冬はご主人に雪かきという仕事も増えるので負担軽減のため、ヘルパーは夜にも訪問することになった。



夜の8時頃。
女の子はいつもお風呂上がりの濡れた髪でベット脇に置かれたちゃぶ台の前に座り、
タブレットで勉強をしていた。
そこには女の子を見ながらくつろいだ利用者さんの表情があった。

私は女の子と向かい合わせに座って報告書を書く。
書きながらどれどれ見せてとタブレットをのぞく。

「今の小学生の勉強は難しいなぁ。
おばちゃんには全然わからないや。」


私の話にいつも笑う女の子。
明るい女の子に皆の顔が綻んだ。

どんなわけがあってそこに3人で暮らしているのか。
家族には様々な形がある。



おやすみなさいを言って家を後にする帰り道。
いつも、どこまでも静かな雪景色。






暴走した。

昼の訪問があったある日。

その日利用者さんは昼ごはんを食べながらテレビを見ていた。
県で開発した新品種の特A米で作ったおにぎりを食べる人が映った。


「わぁ美味しそうなおにぎり。」
「ヘルパーさんはこのお米食べたことある?」


私は少し上の空で生返事をした。
心のなかでは、自分が思い付いたある事で頭がいっぱいになり
その考えに頭が囚われながらその場を後にした。



夜の訪問の時間が近づいた。
夫が握った五個のおにぎり。
仕事かばんとおにぎりを持って家を出た。



その夜、女の子は親戚の家に泊まりに行っていた。
ご主人は2階にいて休んでいた。

帰り際。


「ちょっと米を炊きすぎたので、おにぎりを食べてもらいたいんです。会社には内緒でお願いします。
変なおねがいしてすみません。ここに置いていきます。おやすみなさい。

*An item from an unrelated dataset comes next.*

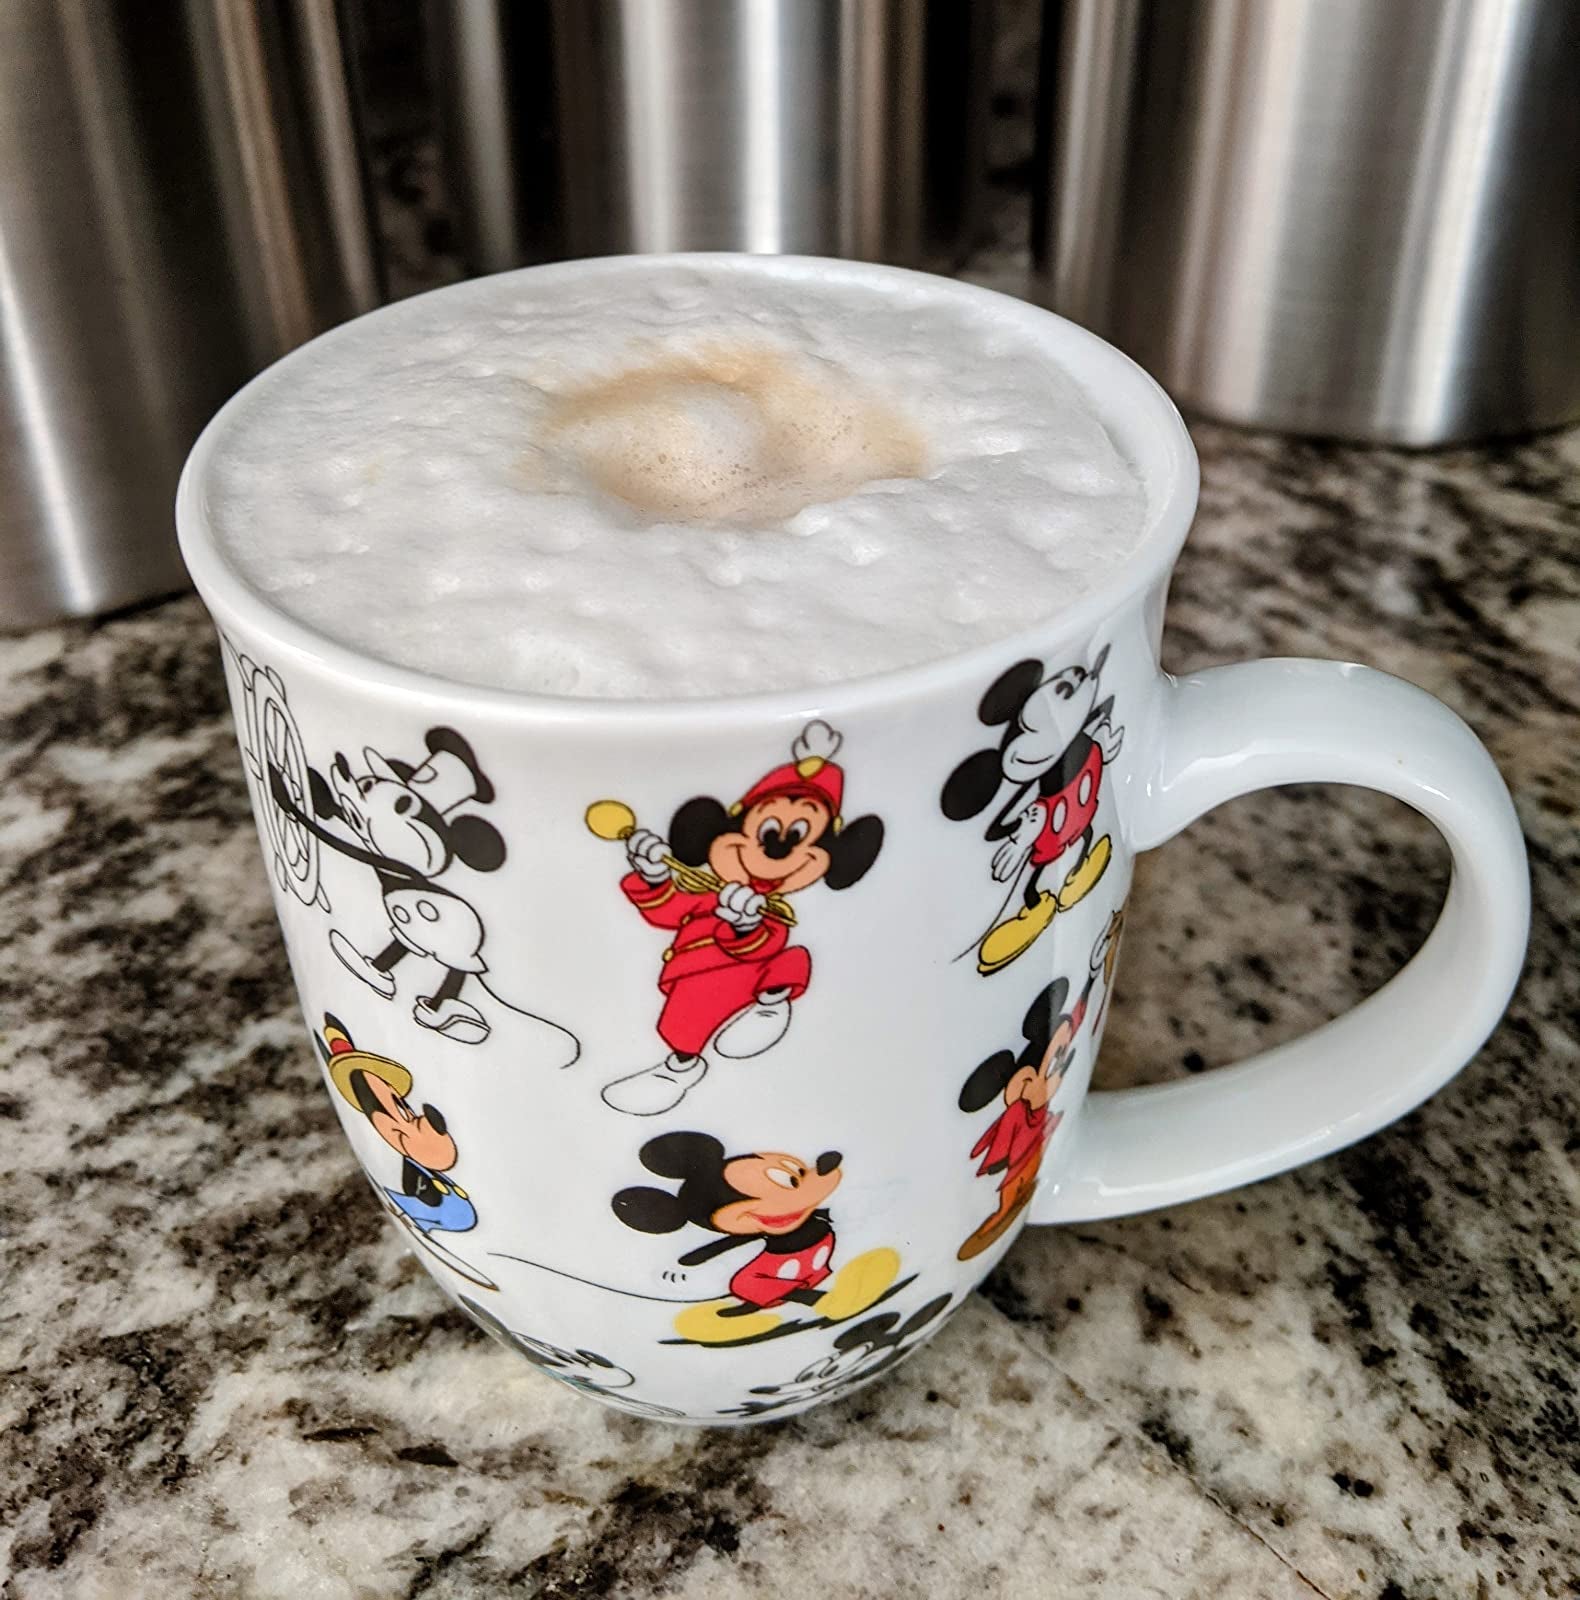 Disney Mickey Mouse Cartoon Mugs Coffee Cups Cute Minnie Mouse Daisy Milk  Breakfast Mugs Kawaii Tea Cup Set Family Cup

」



逃げるように帰ってきた。

心臓がドキドキした。




わたしはいったいなんて失礼なことをしてしまったんだ。
おかしな理屈を言ってまで、無理やりおにぎりを置いてきてしまった。
もしかしたらとんでもないバカなことをしてしまった。
後悔でハンドルを持つ手が小刻みに震えながら帰った。





次の日。


事務所にクレームの電話が来たらどうしようと心配もあった。
反面、むしろバレてしまって怒られたいような気さえした。





今思い出してもプロ意識に欠けたヘルパーだった。
食中毒だったり、アレルギーだったり、喉につかえるリスクだったり。
大袈裟に言えば命にも関わる事態だってあり得る事だ。

褒められた話ではない。

自分の気持ちを止められなかった無責任すぎる行動。

私は昔からそうなのだ。
人の寂しそうな顔がどうしても耐えられない。
自分の感情なのか相手の感情なのか
ごちゃごちゃに混ざってしまう悪い癖がある。

辛そうな横顔だったり、ちょっとした言葉が
いつまでも頭から離れない。

炊きたてのご飯。
美味しそうなおにぎり。
あぁ生きてるうちに食べれるかしら?

ずいぶんおにぎり食べてないなぁ。


お昼に冗談ぽく言った言葉がどうしても忘れられなかった。


生きてるうちにおにぎり食べれるかしら?
そんなこと、なんなら今日食べれるし。

暴走してしまったあの日。
後悔があとからあとからやって来た。





数日後。



昼の訪問時。

ご主人が駐車場の雪掻きをしていた。

家に入る前、外で話しかけられ
「あのね、おにぎり本当に美味しかったって言ってた。」
「夜のうちに食べちゃったんだよ。呆れた食欲だったよ。」
「あいつの兄がとってきてる自慢の北海道の昆布もらってちょうだい。」
「いい出汁がでるからね」


それから数か月後。

雪が溶け始めた3月。
私は仕事を辞めた。


その後仲のいい昔の同僚と飲みに行った時に、あの利用者さんが天国に旅立たれた事を教えてくれた。

同僚が言った。

実は私、ご主人からあなたのおにぎりの話を聞いちゃったんだよ。

・・・・



あの煙突穴に毎年くる雀の雛たちは今でもあの家に来ているのだろうか?

時々脳裏によぎる。





結局、私にヘルパーは向いてなかったのだろう。
感情移入しすぎてプロになれなかった。

私はたぶんこれからも、こうやって何度も間違う。
きっと夫はこれからも、何も言わず隣で見ている。